Wednesday, March 22, 2006

Damon Runyon

Damon Runyon (b 4 Oct 1884, d 10 Dec 1946) is an author who never fails to make you feel better for having read him. He is best known for his short stories celebrating the world of Broadway in New York City during the 1930's. His world is that of the lowlife, sub-surface city dwellers, those either actively engaged in crime or on the periphery. A cavalcade of characters, gamblers, thieves, actors and gangsters pass by, all with names like "Nathan Detroit", "Big Jule", "Harry the Horse", "Good Time Charlie", "Dave the Dude", "Sleepout Sam Levinsky", "Lone Louie", "Little Isadore" and "Spanish John" etc etc.
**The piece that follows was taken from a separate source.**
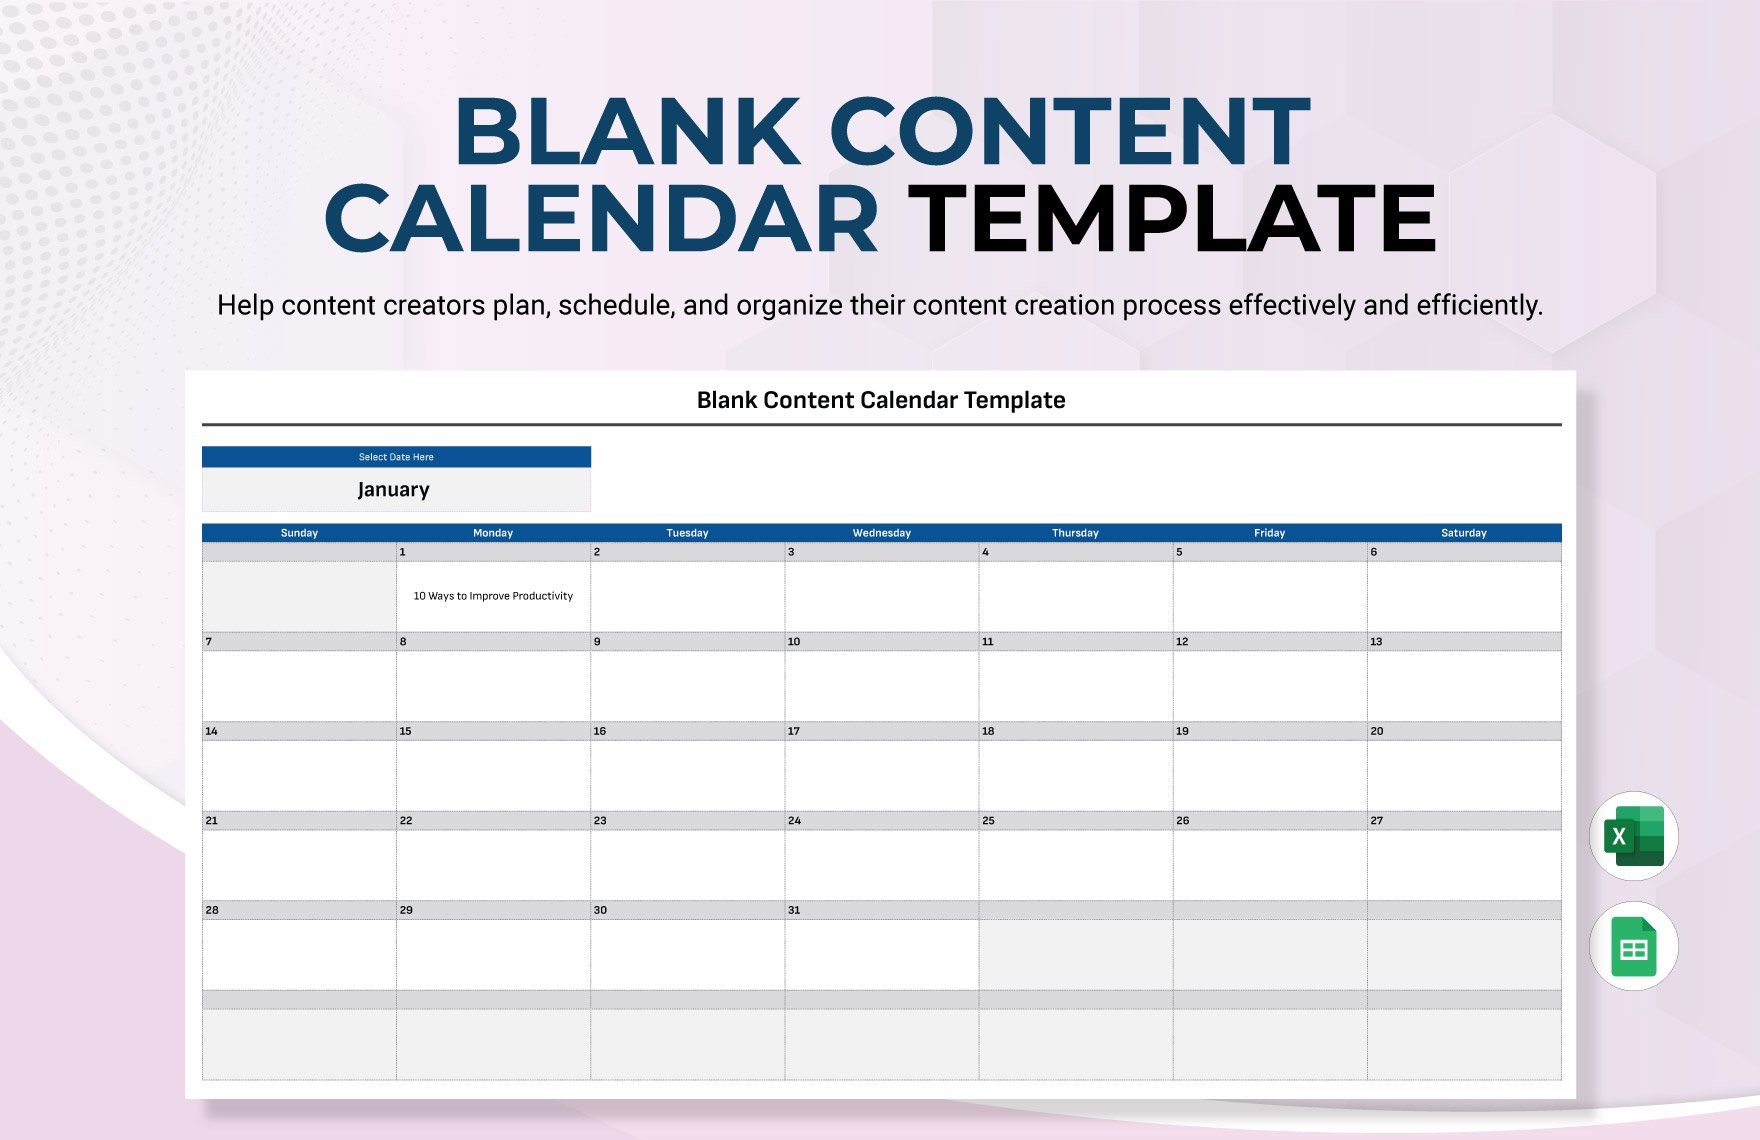 Blank Content Calendar Template in Excel, Google Sheets

The stories are hilariously funny. A peculiarity is that they are all written in the present tense. Here's an example : It is maybe 11.30 of a Wednesday night, and I am standing at the corner of Forty-eighth Street and Seventh Avenue, thinking about my blood pressure, which is a proposition I never before think much about. In fact, I never hear of my blood pressure before this Wednesday afternoon when I go around to see Doc Brennan about my stomach, and he puts a gag on my arm and tells me that my blood pressure is higher than a cat's back, and the idea is for me to be careful about what I eat, and to avoid excitement, or I may pop off all of a sudden when I am least expecting it. 'A nervous man such as you with a blood pressure away up in the paint cards must live quietly,' Doc Brennan says. 'Ten bucks, please,' he says. That story 'Blood Pressure' was one of the Runyon stories on which the successful film and stage musical 'Guys and Dolls' was based. If you have never had the pleasure of reading Runyon's work then you owe it to yourself to make his acquaintance immediately.